Through drawing on insights from different disciplinary perspectives as well as from the workers themselves, the ambivalences of data power and how to address it come into clearer focus. The material realities of workers’ economic needs combined with the constraints baked into the existing capitalist crowdwork infrastructure, as well as the limitations on researchers’ ability to guarantee sustainability of contributions within existing institutional arrangements, all interact to reinforce the complexity of the challenge. It is too early to understand how the recent COVID-19 pandemic will impact these issues. Certainly, the potential for sustainable contributions from university-based researchers in some countries will be further impacted by shifting priorities and reduced budgets. It is likely that the sharp increase in unemployment resulting from the pandemic may mean more people seeking work through crowdwork platforms (Moss et al., 2020), which could further push down wages if there is an increased supply of labour. Yet, on the other hand, it is also possible that with an increase in remote working more generally, researchers may make more use of platforms such as AMT to source research participants, thus increasing the demand on the platforms which may counter some of this effect. Any future research should therefore remain mindful of possible impacts of the pandemic on workers, requesters and researchers.

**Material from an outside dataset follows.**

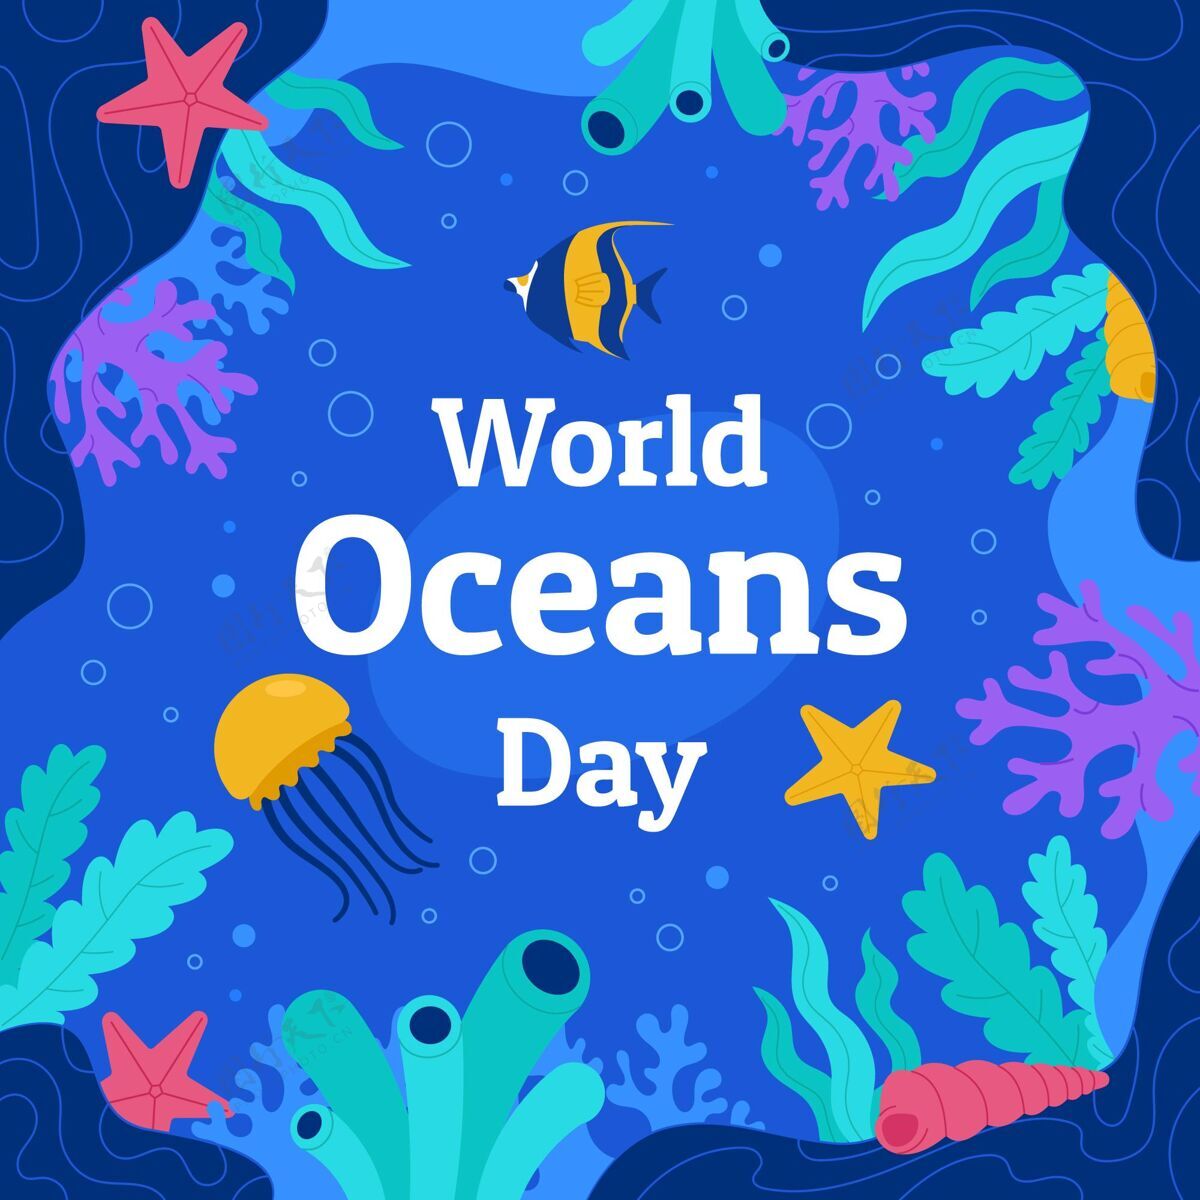 平面设计有机平面世界海洋日插画国际环境海洋

While our focus has been on co-operatives as a new way to organise ‘crowdwork’—whether independent of or ‘from within’ existing infrastructures—we conclude by adding that we do not envisage a crowdworker co-operative as a standalone solution to worker exploitation in crowdwork markets. Clearly, in a ‘platform from within’ model the co-operative would still be tightly—and potentially vulnerably—embedded within the capitalist data economy, and an independent platform would likely not have the economies of scale to compete successfully with AMT. Neither of these models addresses the systemic low-pay issues in crowdwork that would make it difficult for a co-operative to pay a living—or even minimum—wage. Also, we recognise that much of the work being undertaken by crowdworkers, such as labelling of machine learning datasets, contributes to a complex set of challenges around the adoption of machine learning and AI across various sectors. It is important that any future work on crowdwork co-operatives remains mindful of this context. Nonetheless, we perceive that a co-operative model for crowdwork could be a progressive intervention in the context of broader developments involving labour market regulation in the interests of workers, and an AI sector regulated in line with egalitarian and democratic values.